Barco Pai realiza mais de 3 milhões de atendimentos nos dez anos de atuação

(Foto: Elisa Garcia Maia – Aleam)

Os dez anos de atuação do Barco Pai (Pronto Atendimento Itinerante), projeto que presta assistência aos moradores do interior do Amazonas, foram celebrados na manhã desta sexta-feira (20) no plenário da Assembleia Legislativa do Amazonas (Aleam).

A homenagem foi feita em uma Sessão Especial de autoria dos deputados estaduais Sinésio Campos (PT) e Marco Antonio Chico Preto (PSD), que por motivo de viagem foram representados pelo deputado Ricardo Nicolau (PSD), que comandou os trabalhos legislativos.

Criado em 2003, o projeto do Governo do Amazonas, é realizado por três embarcações (Zona Franca Verde, Puxirum I e Puxirum II). Neste período já foram feitos mais de 3,3 milhões de atendimentos em 60 municípios, percorrendo as calhas de rios. O PAI conta com parcerias importantes, como o Exército, Instituto Nacional de Seguridade Social (INSS), Banco do Brasil, Correios e Fundação Nacional do Índio (Funai), além das secretarias de Saúde (Susam), Segurança Pública (SSP), Trabalho, Emprego e Renda (Setrab) e prefeituras municipais.

Aos ribeirinhos são levados mais de 20 tipos de serviços sociais, de saúde e cidadania tais como atendimento médico, odontológico, oftalmológico, testes rápidos para DSTs/HIV, hepatite B e C, palestras educativas sobre saúde e prevenção.

Além disso, oferece serviços de expedição de Registro Administrativo Indígena, Registro Civil, Carteira de Trabalho, CPF, RG, alistamento militar e benefícios do INSS.

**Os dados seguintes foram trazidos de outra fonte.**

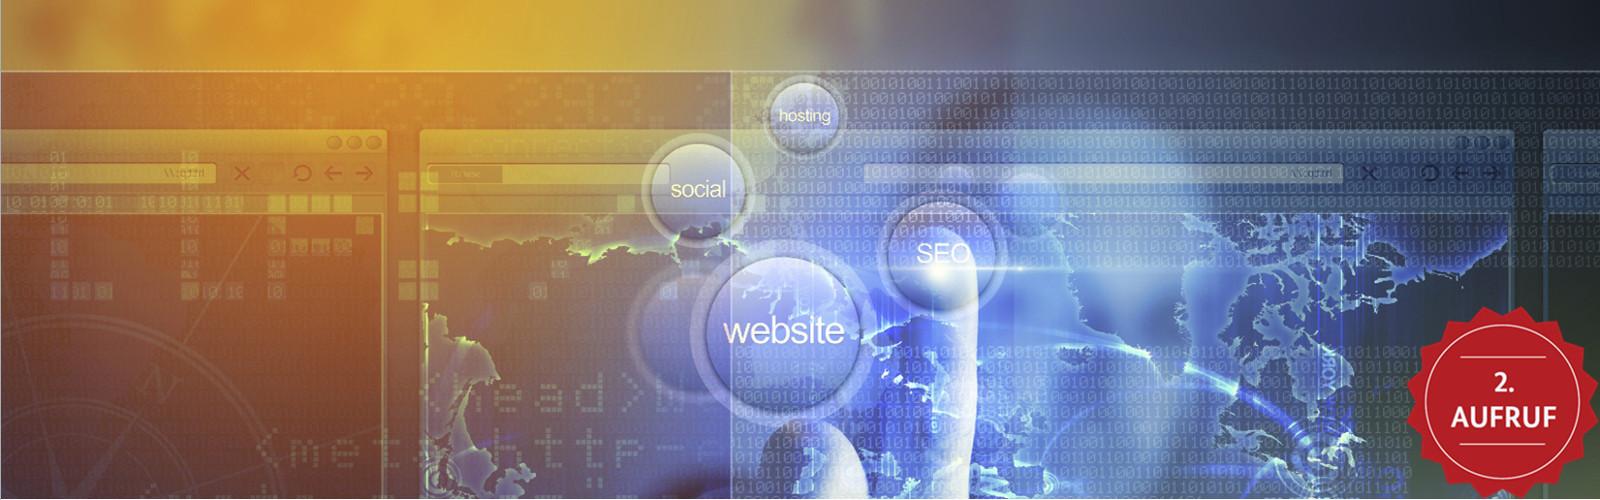 Neue Ideen für den Leitmarkt Informations- und Kommunikationswirtschaft in NRW

Na ocasião, a secretária de Estado da Assistência Social, Regina Fernandes, que coordena o projeto, em parceria com vários órgãos governamentais, foi homenageada com uma placa. A homenagem foi estendida aos demais membros que trabalham no projeto, assim como os idealizadores do projeto o ex-gerente executivo do INSS, Severino Cavalcanti, e o técnico de nível superior do órgão, Bergson Benjamin de Melo.

Desafios constantes

Segundo Regina Fernandes, cada viagem é um novo desafio, tendo em vista que as equipes – são mais de dez parceiros envolvidos em uma única embarcação – que passam de dois a três meses viajando nas calhas de rios, atendendo desde a documentação básica até as demandas do Instituto Nacional do Seguro Social. “O INSS é um dos nossos grandes parceiros, porque concede o benefício para as comunidades isoladas”, disse a secretária, ressaltando que o grande desafio não é levar os serviços, mas enfrentar a logística da região e uma gama de problemas, inclusive de saúde. “O projeto não seria executado sem a parceria dos órgãos envolvidos”, assegurou.

Batizado inicialmente de PAC (Pronto Atendimento ao Cidadão) Flutuante, após nova roupagem, passou a se chamar PAI. O projeto se originou visando dar uma finalidade social aos barcos inoperantes que haviam sido utilizados no projeto Luz do Saber, da Secretaria de Estado da Cultura. “Recebi a missão do Severino Cavalcanti de criar um projeto de atendimento fluvial com o intuito de levar a previdência e outros serviços de ordem estadual ao interior e foi o que aconteceu”, disse Bergson, ressaltando se tratar de uma veia de interiorização da Previdência Social, sendo responsável por 52% dos benefícios concedidos na região em termos de atendimento fluvial.